▶ [Task goal] Quote the listing in full, exactly as given, minus any pictures.

▶ [Information supplied]
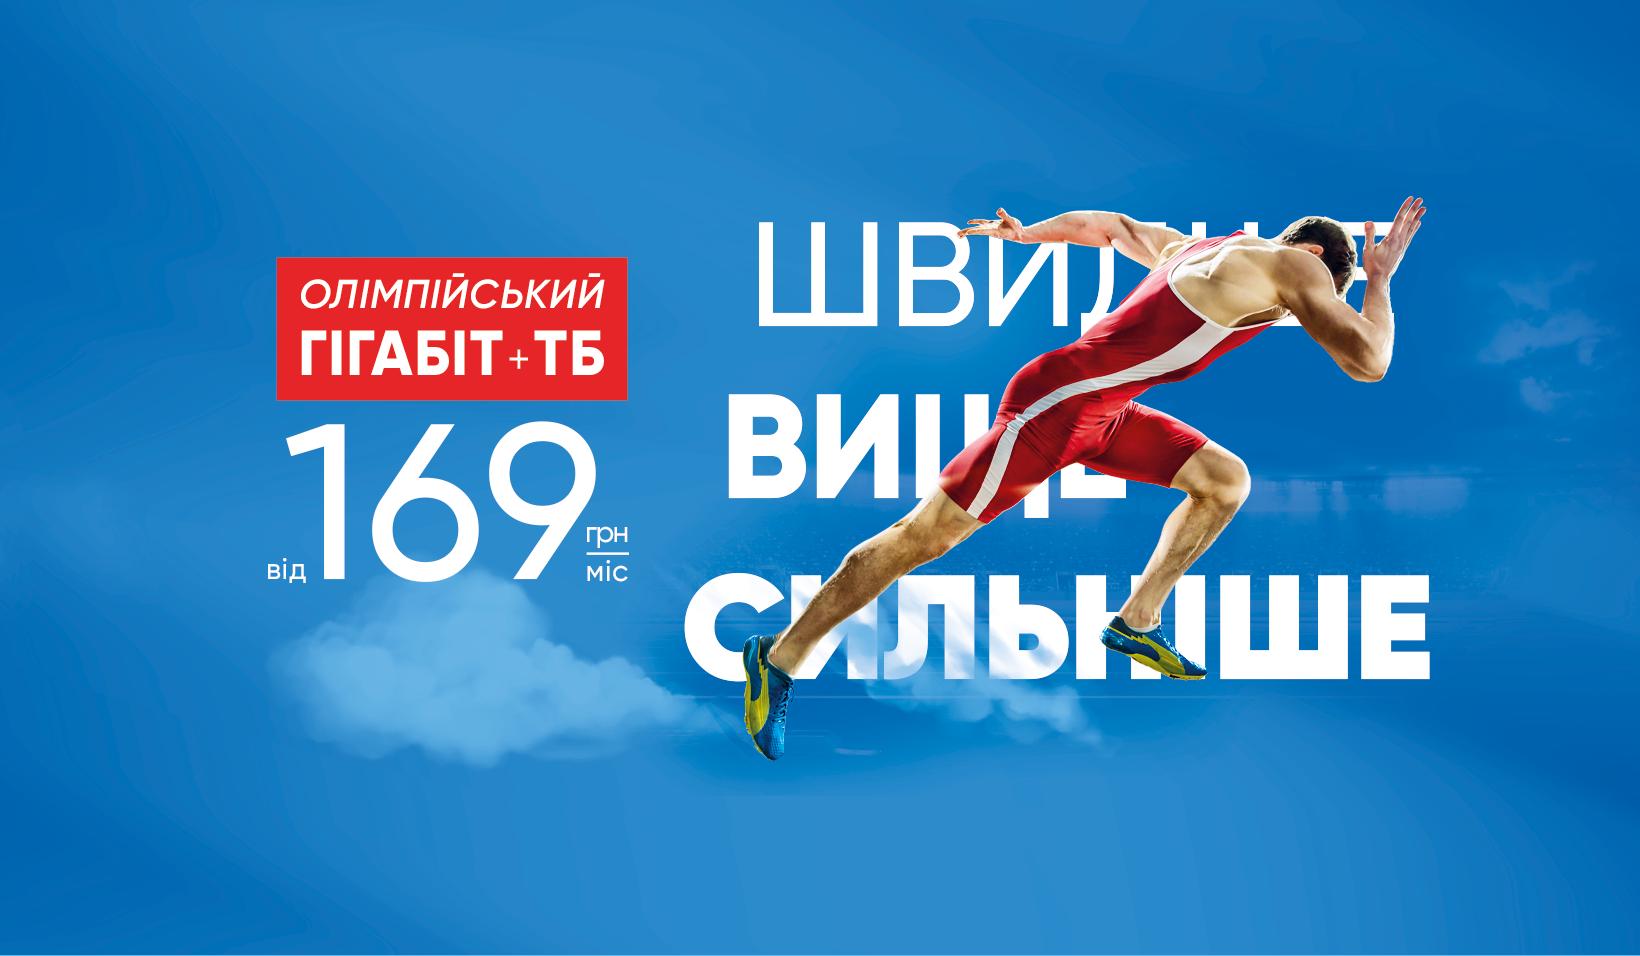 Інтернет та Телебачення за 169грн/міс!
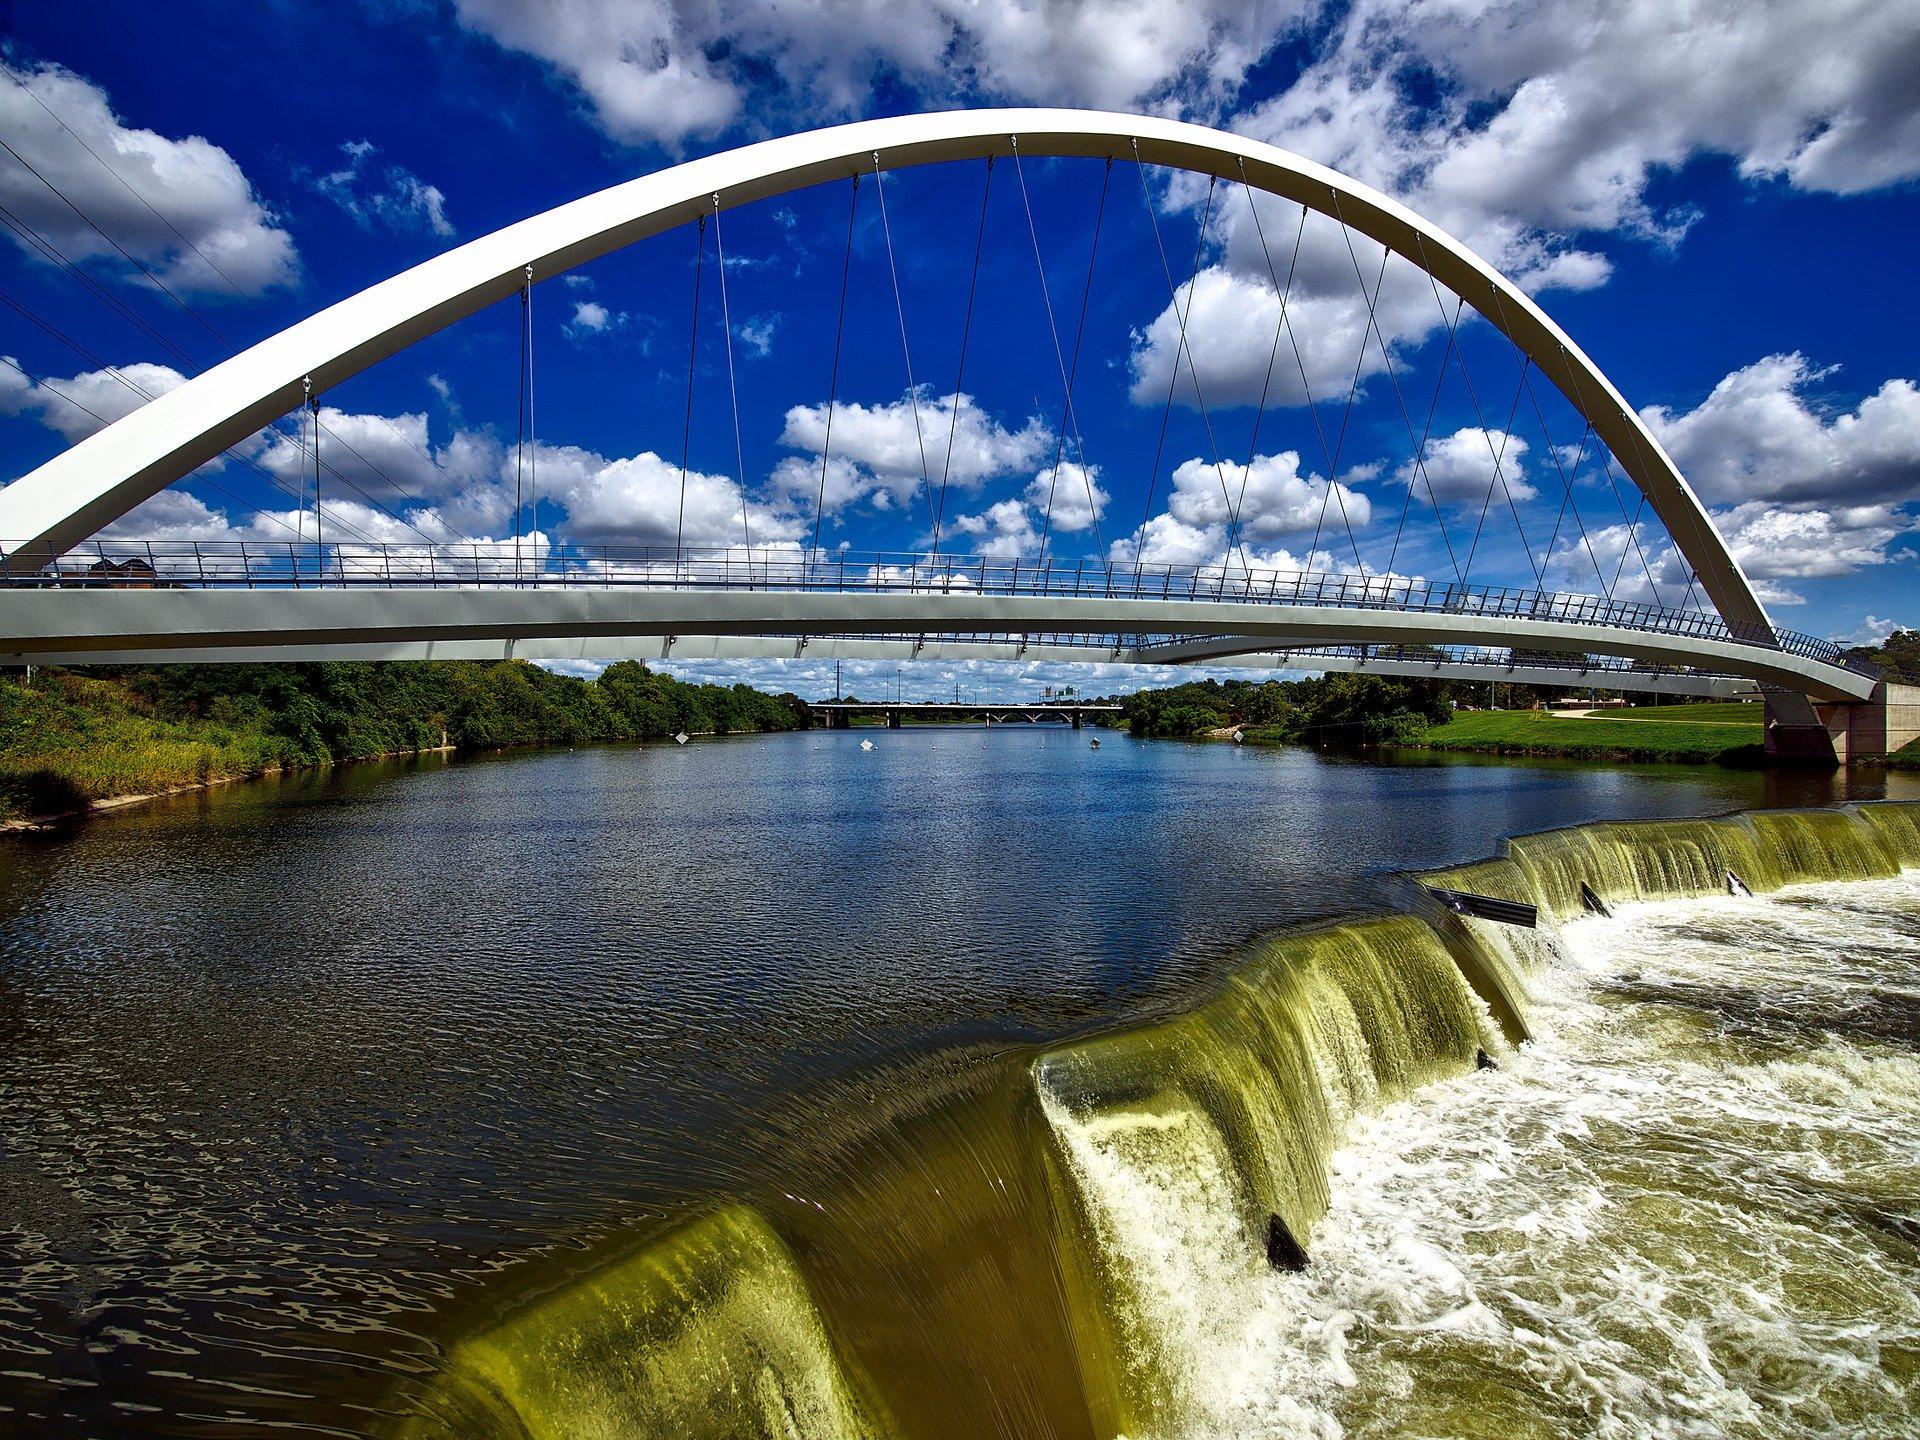 bridge-1728531_1920
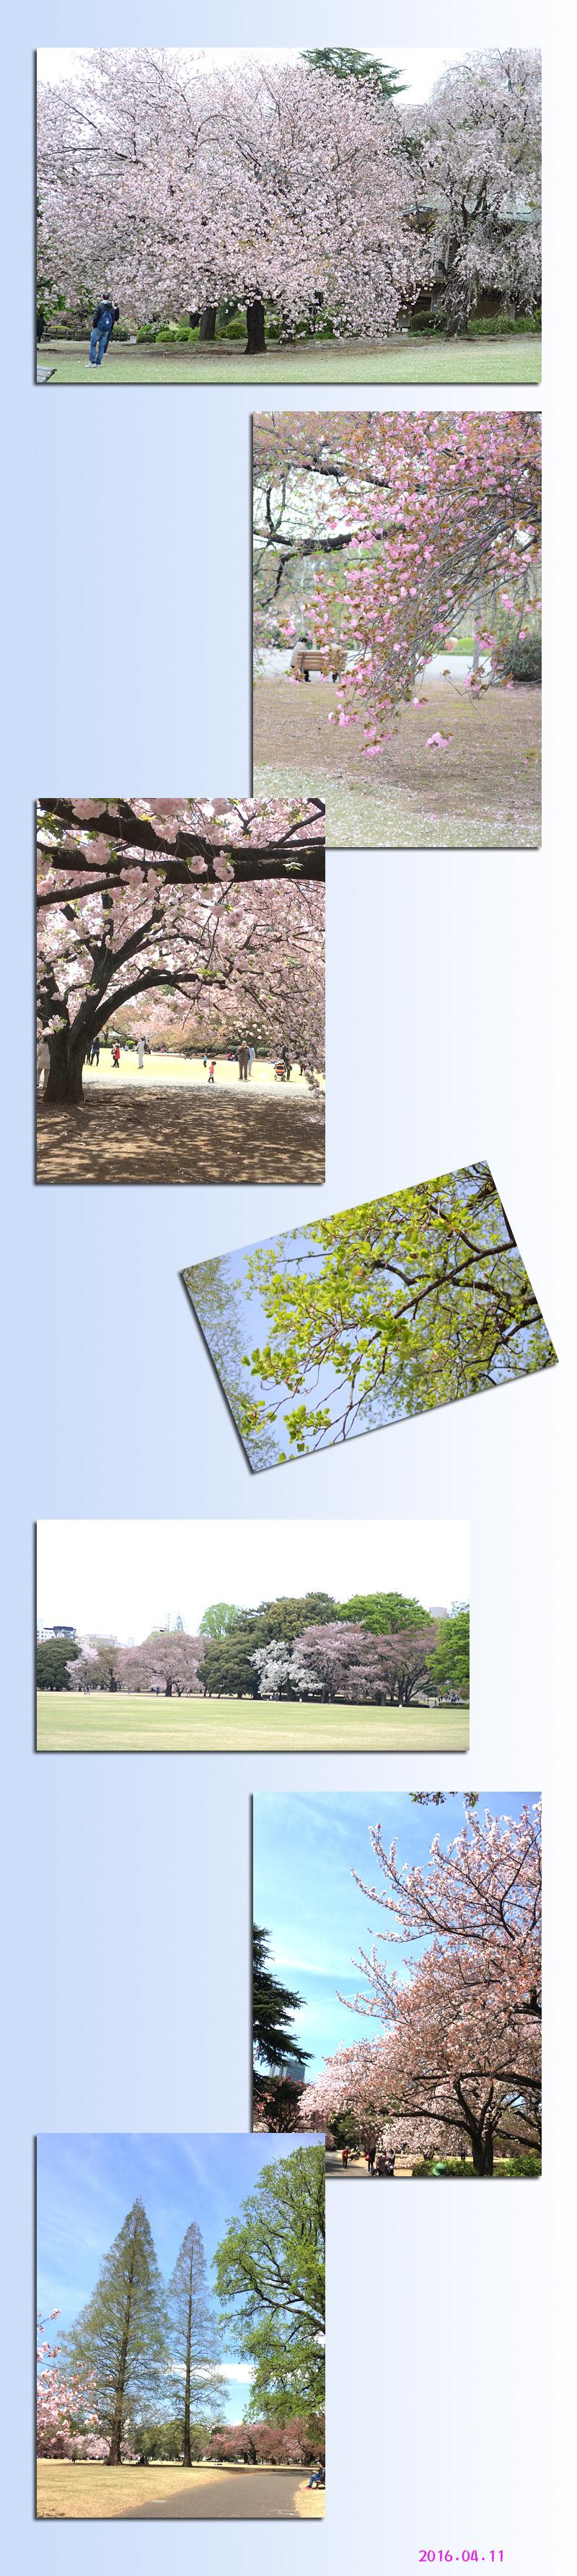 4月11日八重桜3

▶ [Written solution]
 Інтернет та Телебачення за 169грн/міс!
 bridge-1728531_1920
 4月11日八重桜3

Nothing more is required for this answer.